▶ TASK TO COMPLETE
Word for word, restate the lines of the data below between those holding "Gespierd Duwen Billy" and "Natural Emerald Diamond", inclusive; pictures do not belong in the copy.

▶ DATASET

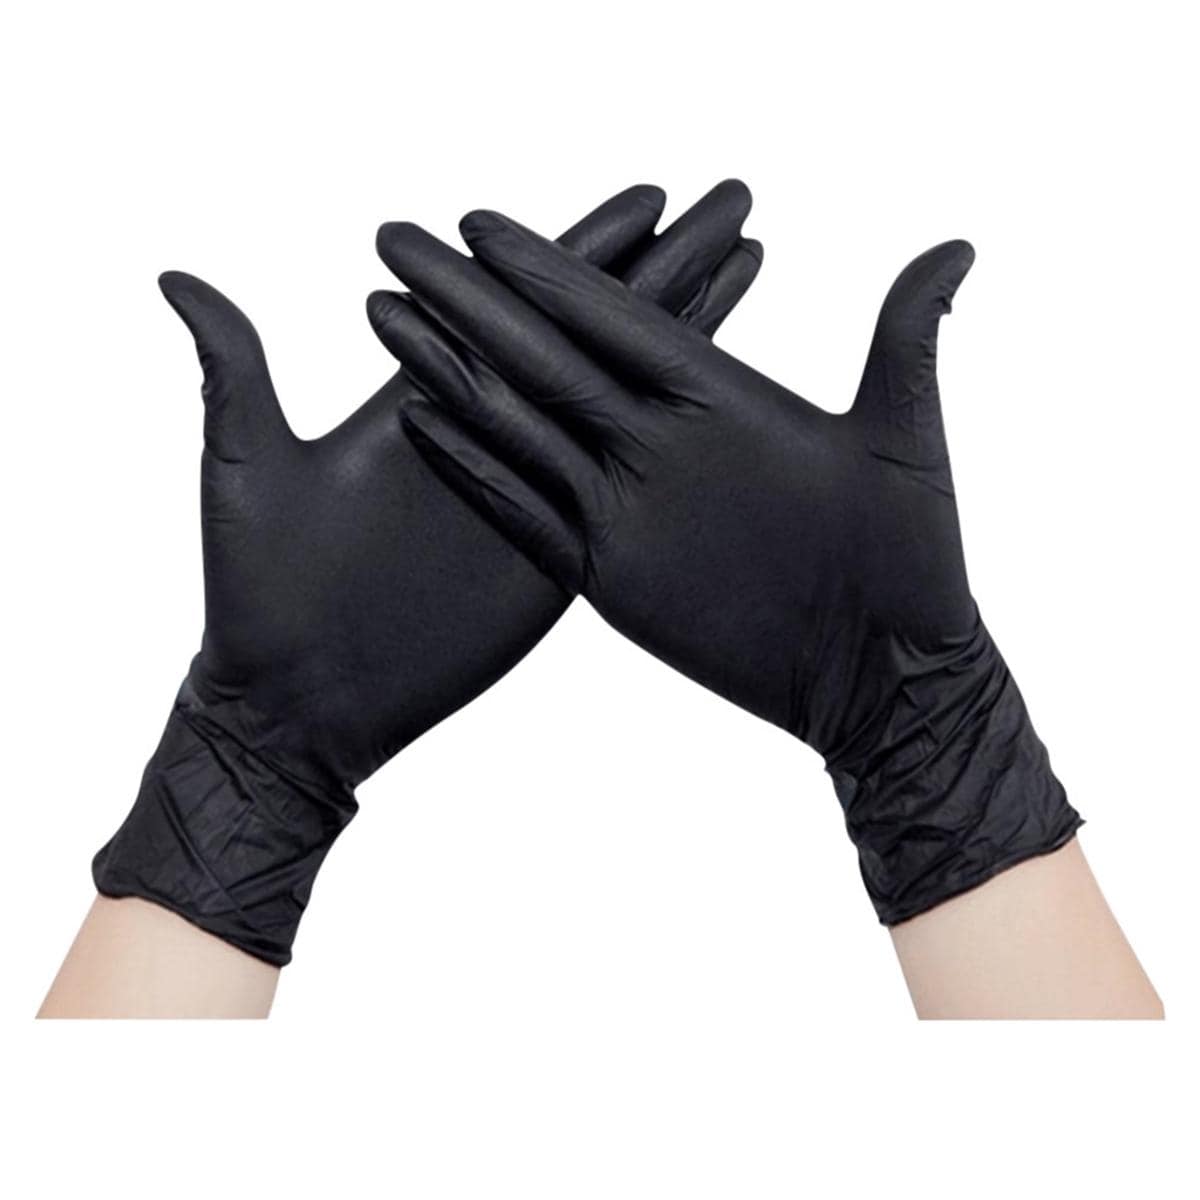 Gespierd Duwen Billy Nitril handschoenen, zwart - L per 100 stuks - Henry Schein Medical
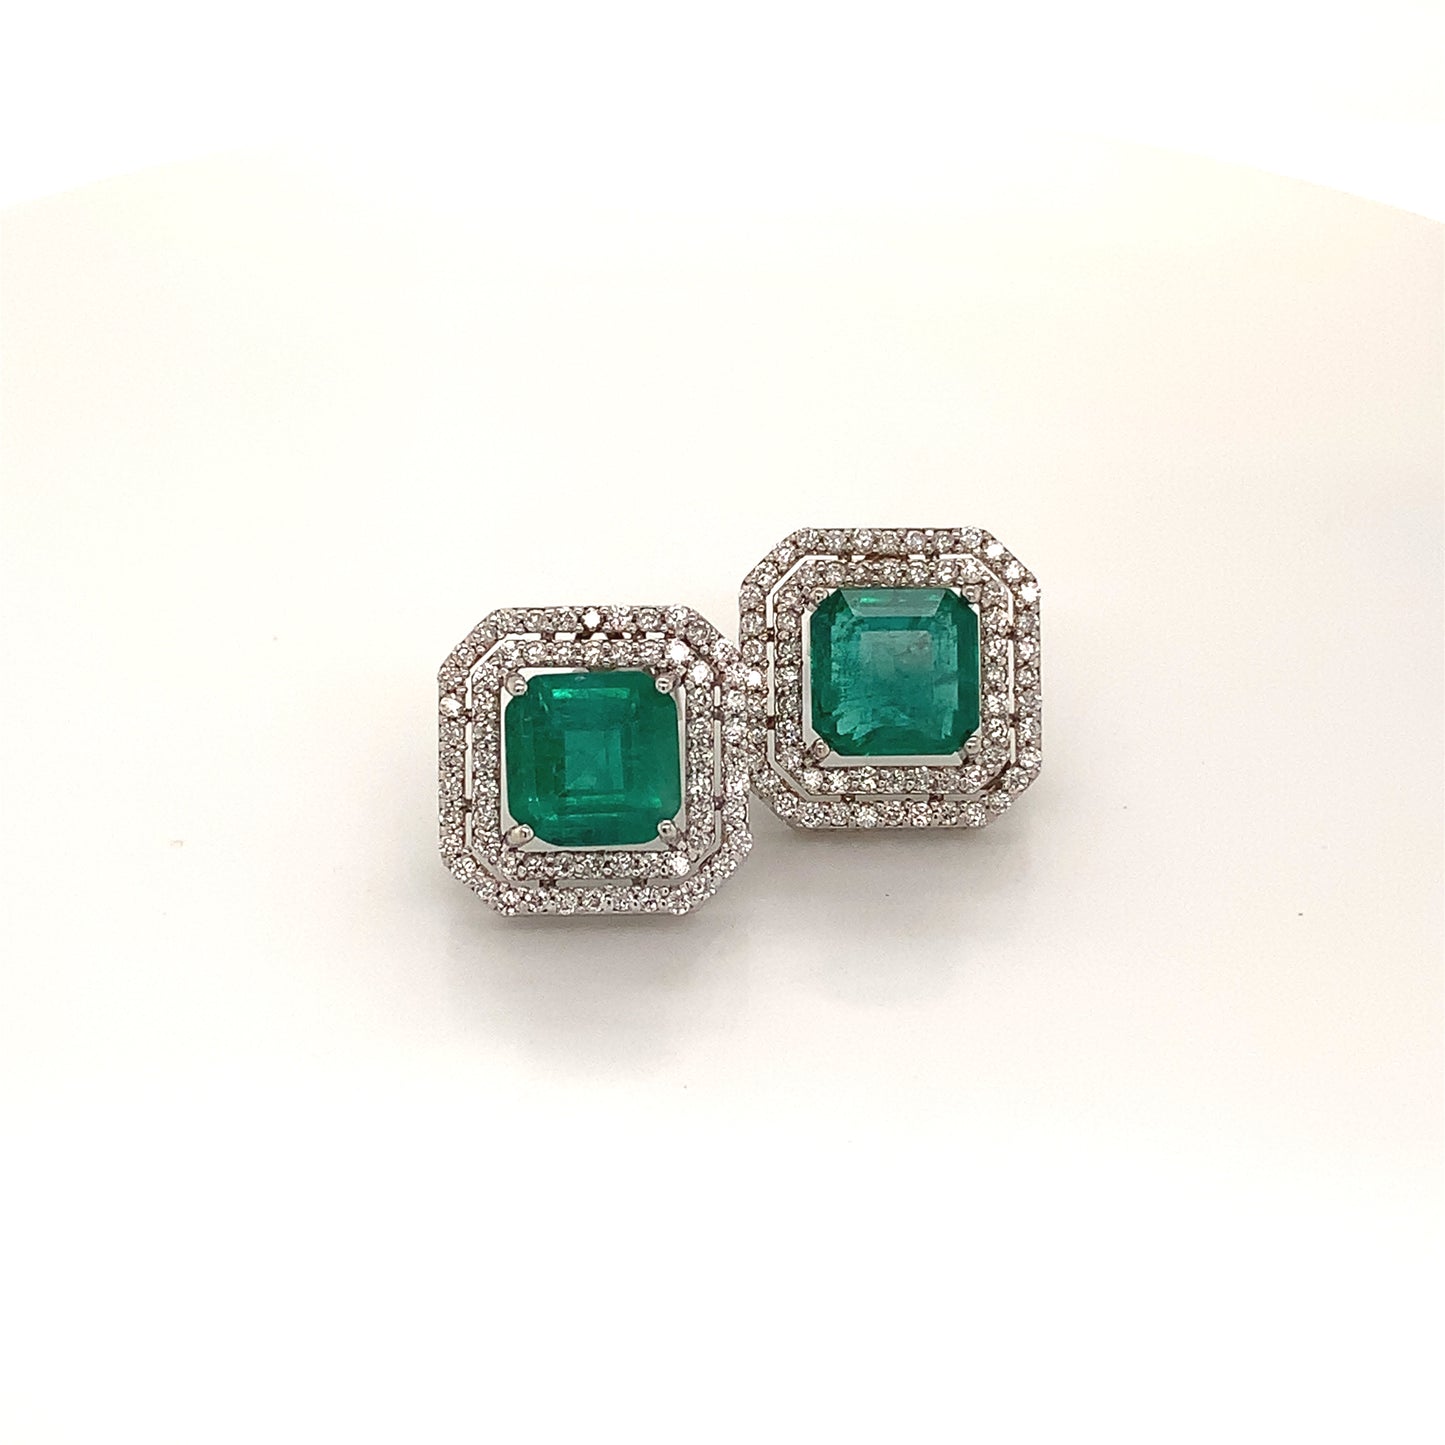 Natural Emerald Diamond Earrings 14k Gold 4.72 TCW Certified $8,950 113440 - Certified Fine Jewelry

==

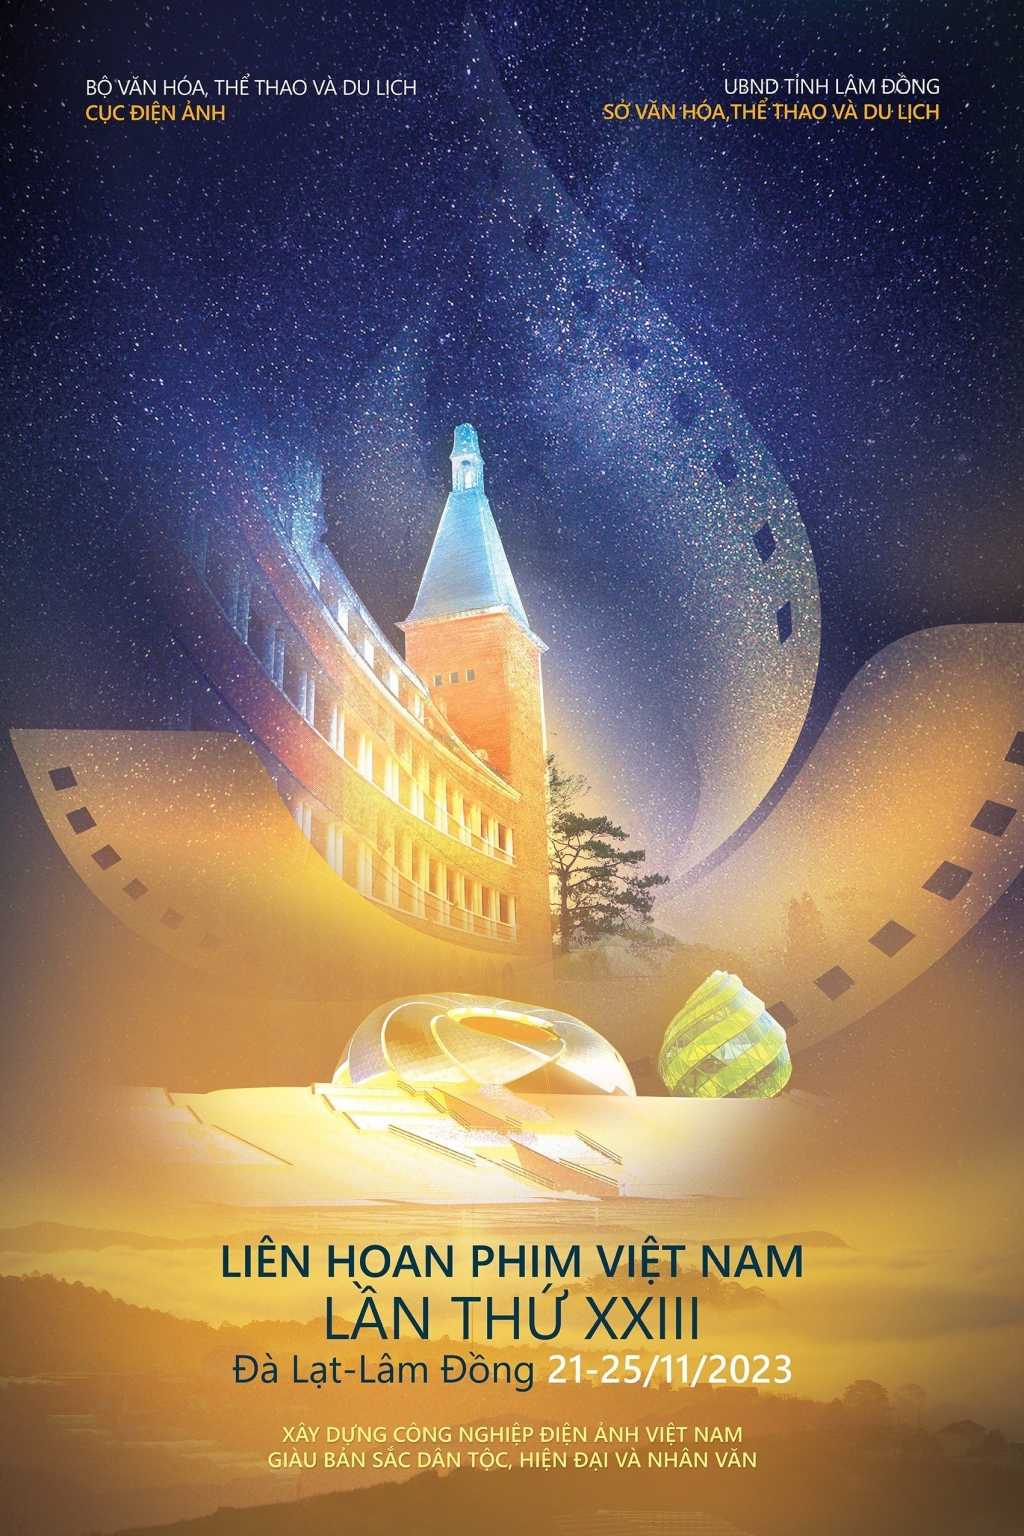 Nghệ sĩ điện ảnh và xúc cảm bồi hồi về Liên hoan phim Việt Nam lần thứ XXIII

▶ OUTPUT OF THE TASK
 Gespierd Duwen Billy Nitril handschoenen, zwart - L per 100 stuks - Henry Schein Medical
 Natural Emerald Diamond Earrings 14k Gold 4.72 TCW Certified $8,950 113440 - Certified Fine Jewelry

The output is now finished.